Milwaukee County is getting ready to turn a longtime home for death investigations into a place where people actually live. The county has officially listed the Office of the Medical Examiner’s downtown building at 933 W. Highland Ave for redevelopment, inviting proposals that lean hard into housing and standout design.

Officials will review offers on a rolling basis, with an initial proposal deadline of May 26, 2026. The sale comes as the Medical Examiner’s team prepares to leave downtown for a new purpose-built forensic science center in Wauwatosa.

What's for sale

The county is marketing the 1.07-acre site at 933 W. Highland Ave, currently home to a one-story, 58,000-square-foot building that dates back to 1931 and once formed part of the St. Anthony Hospital complex. Redevelopment proposals are expected to emphasize high-density or affordable housing, strong architectural design, financial feasibility, and equity, according to Urban Milwaukee.

Building and caseload

Public property records list Milwaukee County as the owner of the site and peg the lot size at about 1.07 acres, per LoopNet.

The Medical Examiner’s workload helps explain why the county is investing in a modern facility. The office’s 2024 annual report shows it accepted 2,174 cases and performed 1,269 autopsies that year, according to the Milwaukee County Medical Examiner Annual Report 2024.

Where the office is going

The Medical Examiner is heading to the Center for Forensic Science and Protective Medicine at the Milwaukee Regional Medical Center in Wauwatosa, a four-story, 212,000-square-foot building that will also house the county’s Office of Emergency Management and the Wisconsin Department of Justice’s Milwaukee Crime Lab.

The project carries a price tag above $233 million, with the county’s share at roughly $120 million, according to the Daily Reporter. Contractors told the outlet that work was on schedule to wrap up in spring 2026, with full occupancy expected by June.

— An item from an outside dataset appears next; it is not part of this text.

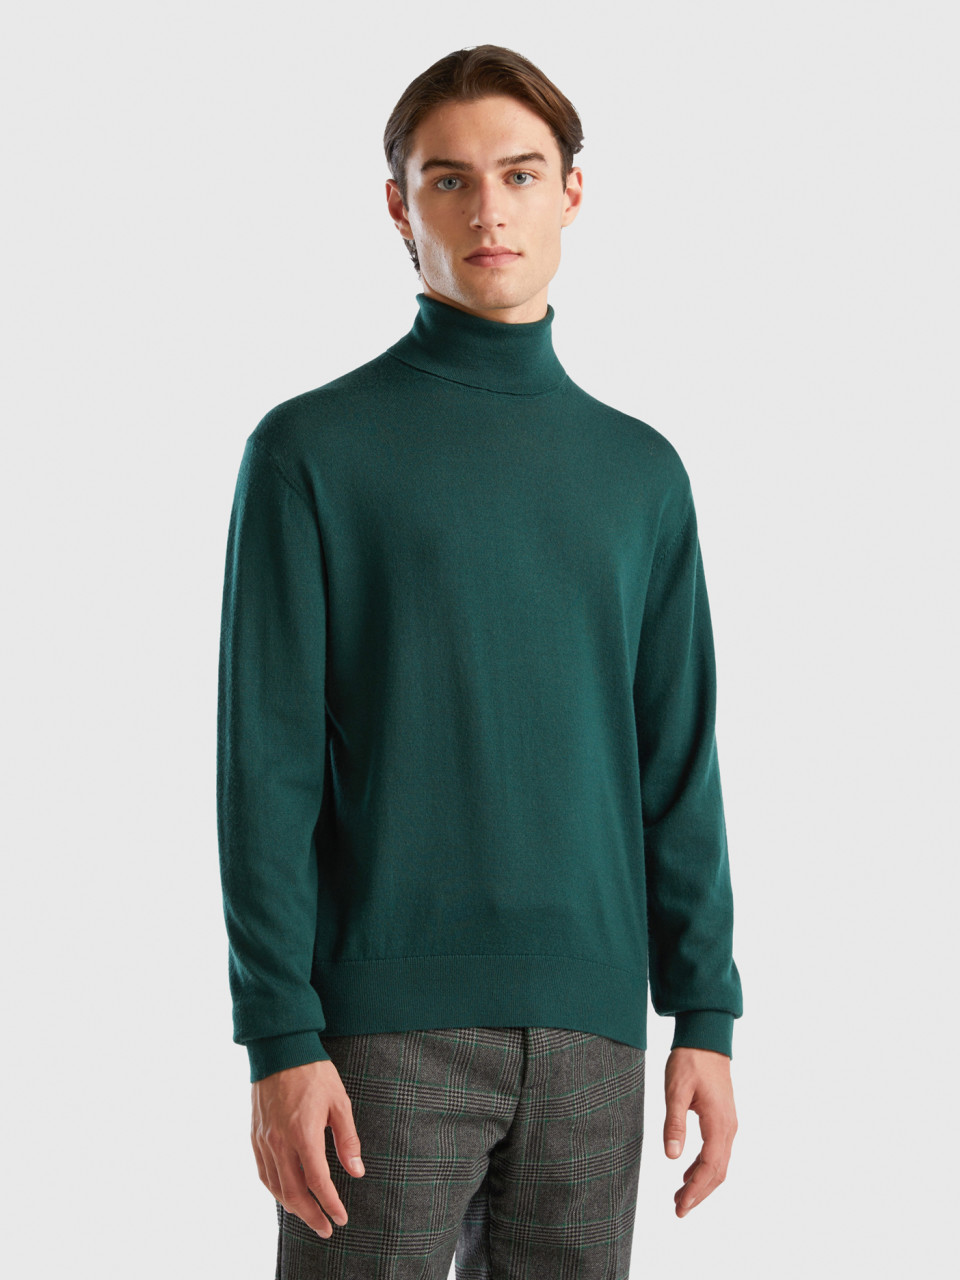 Benetton, Turtleneck In Pure Merino Wool, Green, Men

What developers should know

County Executive David Crowley’s office is pitching the downtown sale as a way to leverage county real estate to pull in private investment while staying aligned with the city’s Downtown Area Plan. Officials have asked that proposals clearly demonstrate equity and inclusion efforts.

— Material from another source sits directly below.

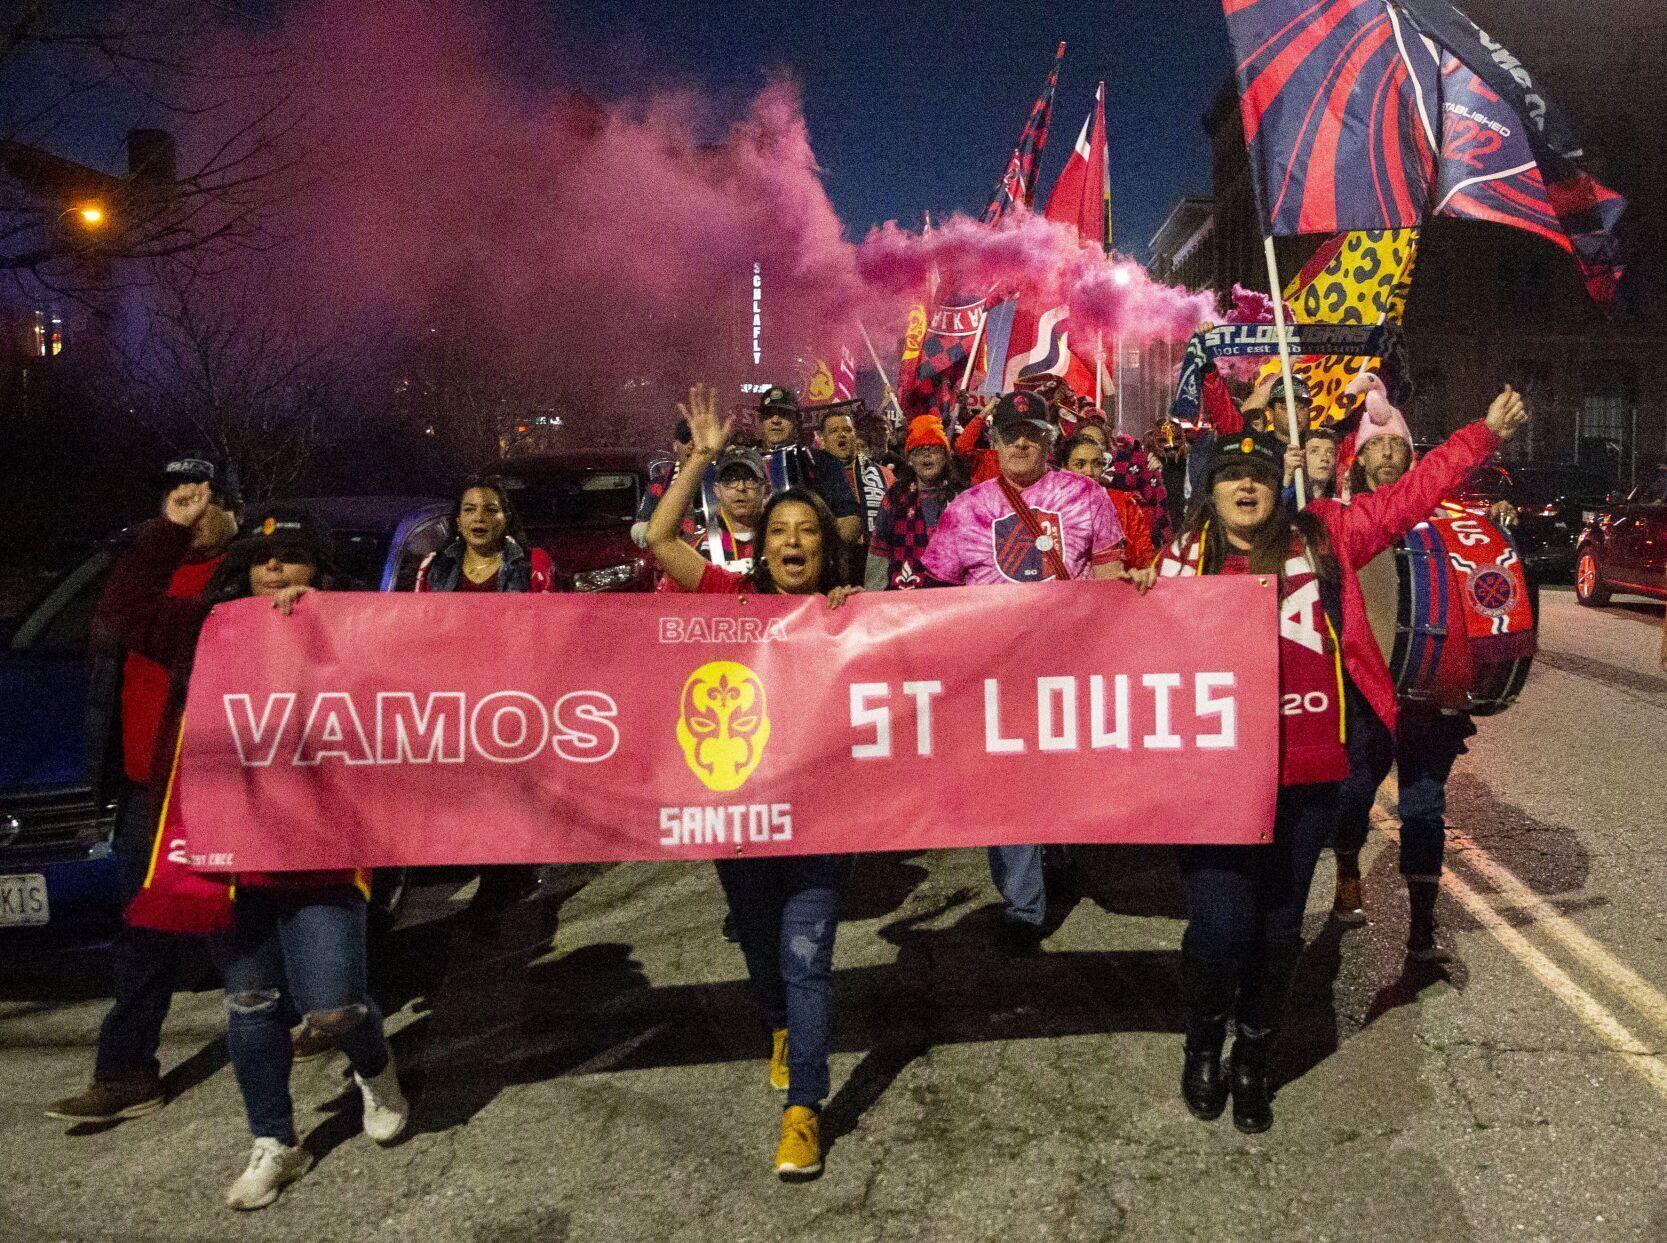 How St. Louis City SC is scoring a fan base months before its first MLS  season kicks off

Bids for the Highland Avenue property will be reviewed on a rolling basis, with that first key deadline set for May 26, 2026, according to Urban Milwaukee.

Downtown development climate

There is a catch for anyone eyeing the property. Developers are staring down construction and financing costs that have already slowed or sidelined other downtown efforts.

Several major projects in the city’s core have been delayed or paused in recent months because of those pressures, local coverage from the Daily Reporter notes. Anyone pitching a bold new life for 933 W. Highland Ave will have to make the numbers work in that reality.